May 30, 2018
In a new commentary led by a student at the UNC Gillings School of Global Public Health, several experts reviewed the concept of ‘obstetric violence,’ a legal construct that is being used in Latin America to confront mistreatment of women during childbirth.
Co-authors from the Gillings School include first author Caitlin Williams, MSPH, doctoral student of maternal and child health, and José Belizan, MD, PhD, adjunct professor of maternal and child health.
The full article, titled “Obstetric violence: A Latin American legal response to mistreatment during childbirth,” was published online May 4 by BJOG: An International Journal of Obstetrics and Gynaecology.
“All over the world, childbirth is an exciting and life-changing moment, but it also can be a hard and scary one,” said Williams. “Just think of what you’re asking your body to do! Yet, too often, there are other reasons that women are deeply fearful about giving birth, related to how they are going to be treated – or mistreated – by the very health professionals who are supposed to help them through the process. There are a number of efforts underway to try to change negative provider behavior, and in this commentary, we wanted to highlight one approach that has taken root in Latin America: the use of the legal system.”
Obstetric mistreatment is a phenomenon that appears to be pervasive across many settings; it includes such diverse concepts as physical, verbal and sexual abuse of women during childbirth; negligence during obstetric emergencies; and denial of medically appropriate care. Though the exact prevalence of treatment that would qualify as obstetric mistreatment is unknown, studies from Tanzania and Brazil report figures above 70 percent, while figures from five European countries are around 20 percent.
In 2007, after years of work by women’s groups, clinicians and public health professionals in Latin America to improve maternal care, a new term, ‘obstetric violence,’ was developed to encompass both obstetric mistreatment and related elements of poor quality care such as unconsented and non-medically indicated care. The term locates mistreatment of childbearing women at the nexus of gender-based violence and clinical malpractice, and provides a legal framework for policies and court cases aimed at battling the problem.
Since the term was defined, five countries in Latin America have enacted laws to combat obstetric violence; some countries have gone further and expanded the legal rights of childbearing women, newborns and their families.
To date, there has been no comprehensive evaluation of these laws, but there are some early signs of how they already are informing public health policy and implementation.
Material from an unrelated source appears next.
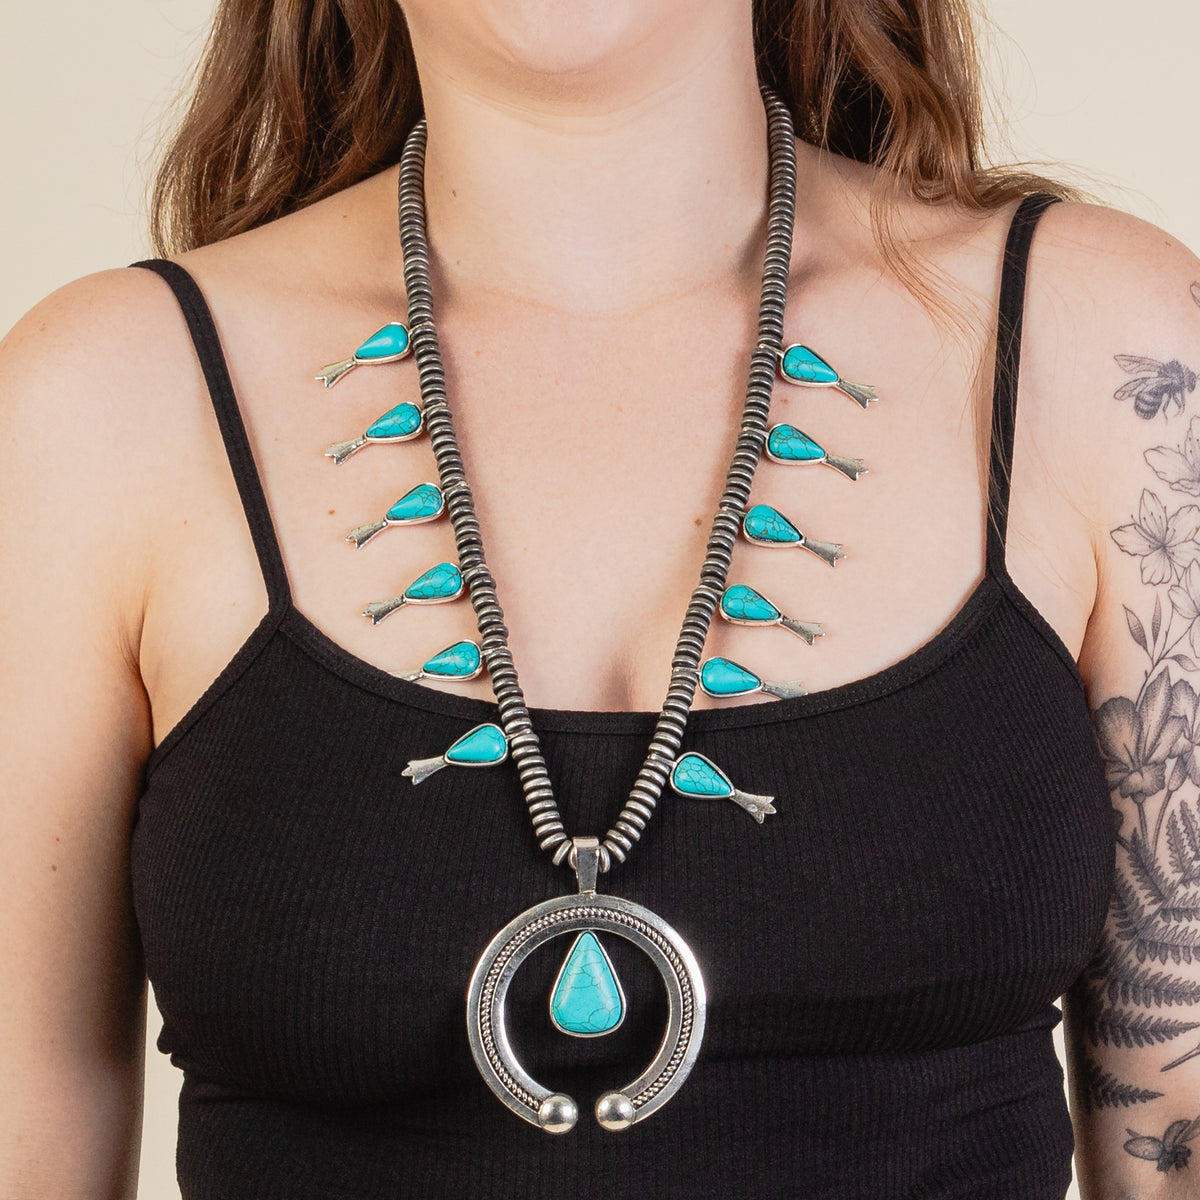 92003 - Squash Blossom Necklace - Turquoise & Silver

For example, in Venezuela, the National Institute for Women developed a brochure defining obstetric violence, detailing who can report it and indicating which institutions receive complaints. In Bolivia, questions about obstetric violence were incorporated into the 2016 National Survey of the Prevalence and Characteristics of Violence Against Women. In Argentina, the Buenos Aires Provincial Ombudsman’s Office has begun developing intervention protocols for cases of obstetric violence, and the first trial for such a case currently is being tried in court.
“These laws offer a potentially promising approach to responding to obstetric mistreatment,” the co-authors wrote in their commentary. “They empower women and families to claim their rights to health care without discrimination.”
Long-term improvements to systematic failures in the implementation of quality maternal care, however, will require multi-sector efforts from health care institutions, advocacy groups and public health researchers. Having a clear way to refer to the problem of obstetric violence is only a foundation for future work to ensure all women’s access to dignified, respectful maternal care.